BREN: En realidad fueron muchos los motivos. Por mi parte, había terminado la facultad y sabía que antes de empezar a ejercer algo asociado a la carrera, quería viajar. Un poco ese miedo de no saber qué hacer cuando te recibís. Necesitaba un cambio en mi vida. Más allá de todo y de que me sentía muy feliz en Mar del Plata, sabía que quería viajar y que este era el momento en el que necesitaba y quería hacerlo. 

EMMA: Alaska era un destino lejano e impensable. Quizás fue una meta superficial. En ese momento mi vida necesitaba un cambio. Quería saber qué había afuera.

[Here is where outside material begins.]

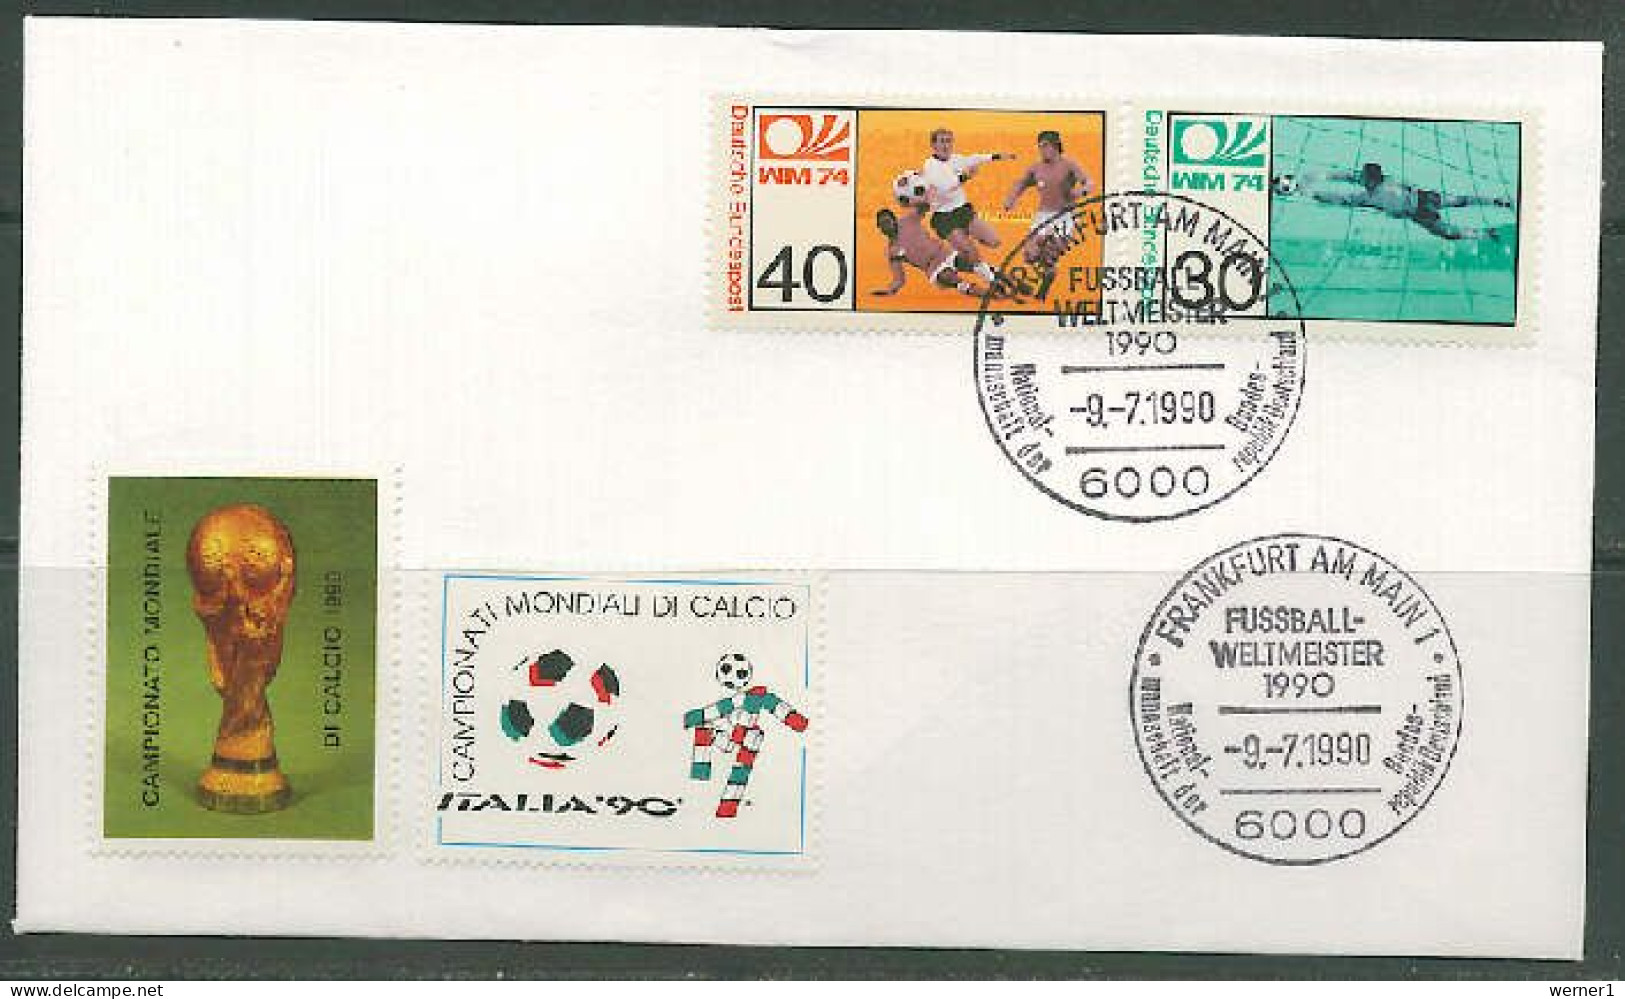 Germany 1990 Football Soccer World Cup Commemorative Cover, Germany World Cup Champion - 1990 – Italia

Por supuesto, sonaba demasiado loco e impresionante recorrer este hermoso continente en una pequeña moto junto a Bren. Ver vídeos de montones de viajeros en motos chicas que andaban por todos lados, me motivaba a pensar en mi meta y en que era posible ¿Por qué no podía yo? Mi vida, como mucho, se basaba en 30 km a la redonda. El mundo es demasiado grande como para que uno solo se quede en ese espacio. Tenía ganas de vivir cosas fantásticas, como las que veía en esos vídeos. Tenía ganas de conocer mi límite. Si tenía un problema, ver si era capaz de resolverlo. Probar comidas de todos lados. Quería experimentar. Realmente veía todo mal. Mi trabajo no era bueno, mi día no era bueno, mi sueldo no era bueno. Veía todo mal porque yo estaba mal. No era la vida que quería…

¿Por qué en moto y no en otro medio de transporte?

BREN: Emma ya tenía la moto hace un par de años y es apasionado con eso. Su viaje siempre fue pensado en moto. Creo que para este viaje nunca hubo otra opción. En mi caso, yo me había subido muy pocas veces a una moto en toda mi vida y desconocía absolutamente todo sobre el tema. Yo me sume en su viaje, por lo que para mí significaba una aventura y un desafío. Para él siempre fue un sueño poder realizar un viaje en su moto.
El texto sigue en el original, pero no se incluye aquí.